I don't think it would make Rudy Giuliani any more popular with social conservatives if he dropped his support for abortion -- he's still pro-gun control and, man, talk about a lack of family values.
But Mark Kleiman, a professor at UCLA who writes at the insightful, and way left, blog The Reality-Based Community, argues that the former New York mayor really couldn't be considered pro-choice because he wants to re-arrange the Supreme Court in a way that would spell the end of Roe v. Wade.

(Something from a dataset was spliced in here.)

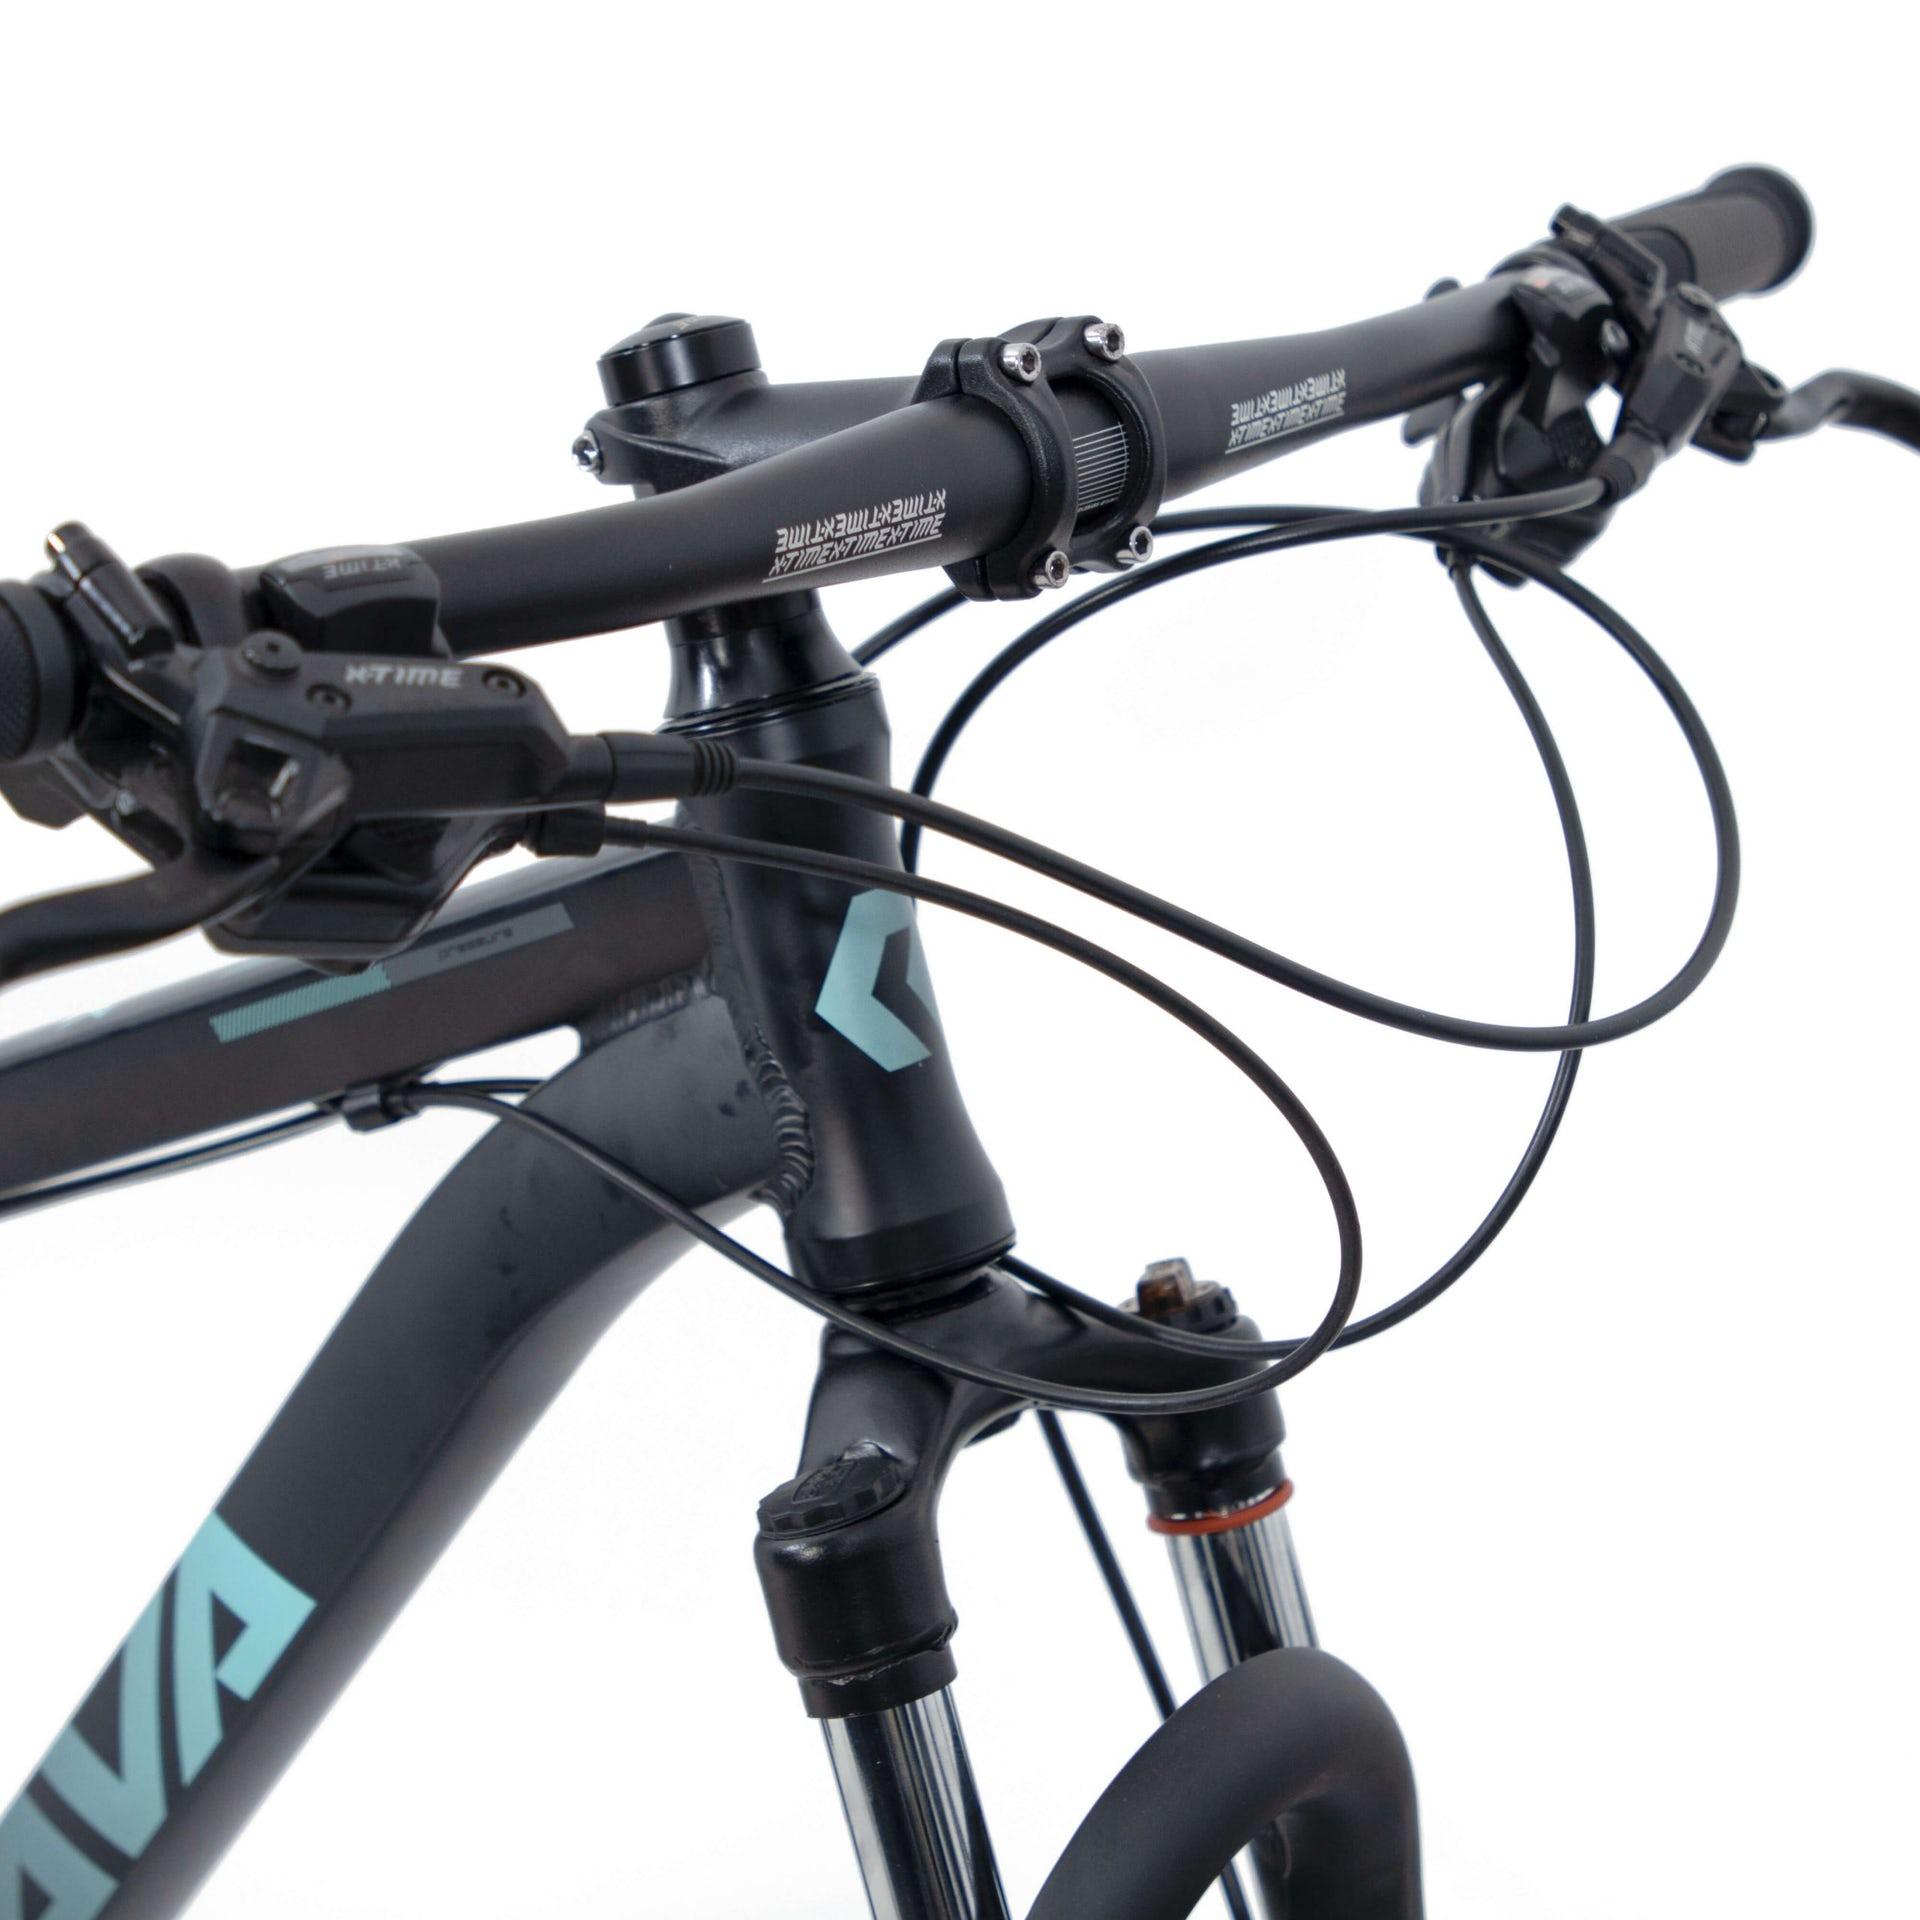 BICICLETA  29 RAVA PRESSURE X-TIME 2X10 VEL. HIDRAULICO PTO/AZUL (2021)

(Photo: Salon)So when Rudy Giuliani says he would appoint "strict constructionist" judges, he's pledging to appoint more justices willing to overturn Roe v. Wade; the fact that he sortakinda takes it back by saying there would be no litmus test doesn't really matter. Nor does the fact that, as a private citizen and a local politician he supports abortion rights; on the one issue where a President has to act on abortion he's fully committed to the RTL position. And Justice Stevens isn't getting any younger.
Thus it's not really right to describe Giuliani, the Presidential candidate, as someone who "supports abortion rights."
It's not clear how much this will help or hurt Giuliani in the primaries. But it could make all the difference in the general should Rudy be the nominee. To get the swing votes he would need, Giuliani would want to run as a "moderate" on abortion, which is about as close to the truth as his claim to be an "expert" on terrorism.
I'd like to hope that the press wouldn't let him get away with it. But perhaps I'd be wiser to hope for a pony.